Because DLA is based on care needs not diagnosis. Sight issues are more black and white than ASD and to have a diagnosis of a sight issues I would imagine is a lot quicker than ASD, though depending on how bad your child sight is I would suggest you appeal the rate they were awarded as care needs to someone who is partially sighted I would expect to be at least middle rate and also low mobility. You can find the DLA low middle and high rate criteria’s online to see based on your day to day experience with your child what rate you believe they are entitled to, often just appealing the rate they’ll up it, sometimes you will need to go to tribunal, just try and have conversations when with your child’s Drs and specialists around what additional care you and others around them need to provide as that should be mentioned in the letters which you can then provide as evidence.
My 2 year old who is undiagnosed is in reciept of HRC due to suspected ASD and ADHD. I was back and forth to the Drs/HV/early help about his lack of sleep and behaviours long before I learnt that he didn’t need a diagnosis for DLA, he’s extremely clever and high functioning, talking full conversations from 16 months but his sleep is almost none existent, especially for me as a lone parent with little support. He’s very violent and obsessive over things but he’s hit all his milestones. I feel like I can’t ever relax around him as if left to his own devices for even seconds he will bite himself until he bleeds/other people until they bleed, he’s given lots of people black eyes, I have to get eye surgery because of him, he destroys everything in sight, because all this was documented long before application they awarded him HRC immediately and backdated it to around his 2nd birthday.

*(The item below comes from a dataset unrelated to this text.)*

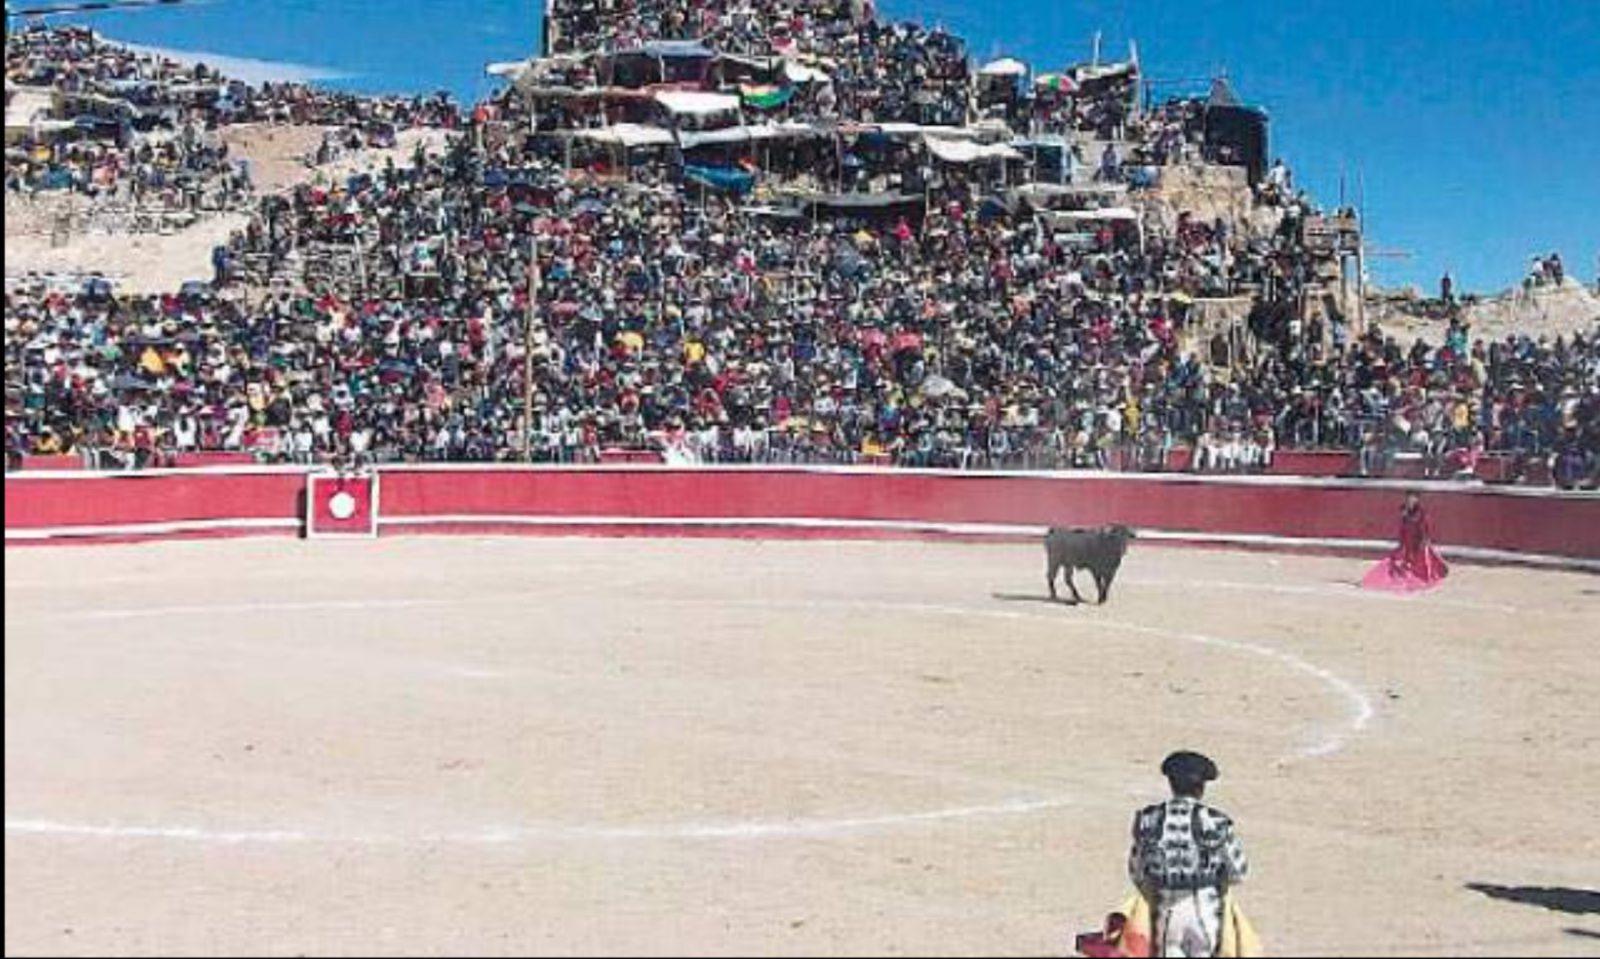 PEROU // Selon une estimation, 1.050.000 spectateurs dans les spectacles taurins contre 839.000 dans les stades de football

JessicaRabbit6 · 22/07/2025 21:59

I would stay away from private unless you can afford the medication for your children each month. Shared care is becoming harder. My GP even discouraged this route due to this and asked for my child’s referral to be expedited instead.

Soberfutures · 22/07/2025 22:05

Kazzybingbong · 22/07/2025 21:07

She’s entitled to £400 and she can spend it on supporting her child in which ever way she sees fit.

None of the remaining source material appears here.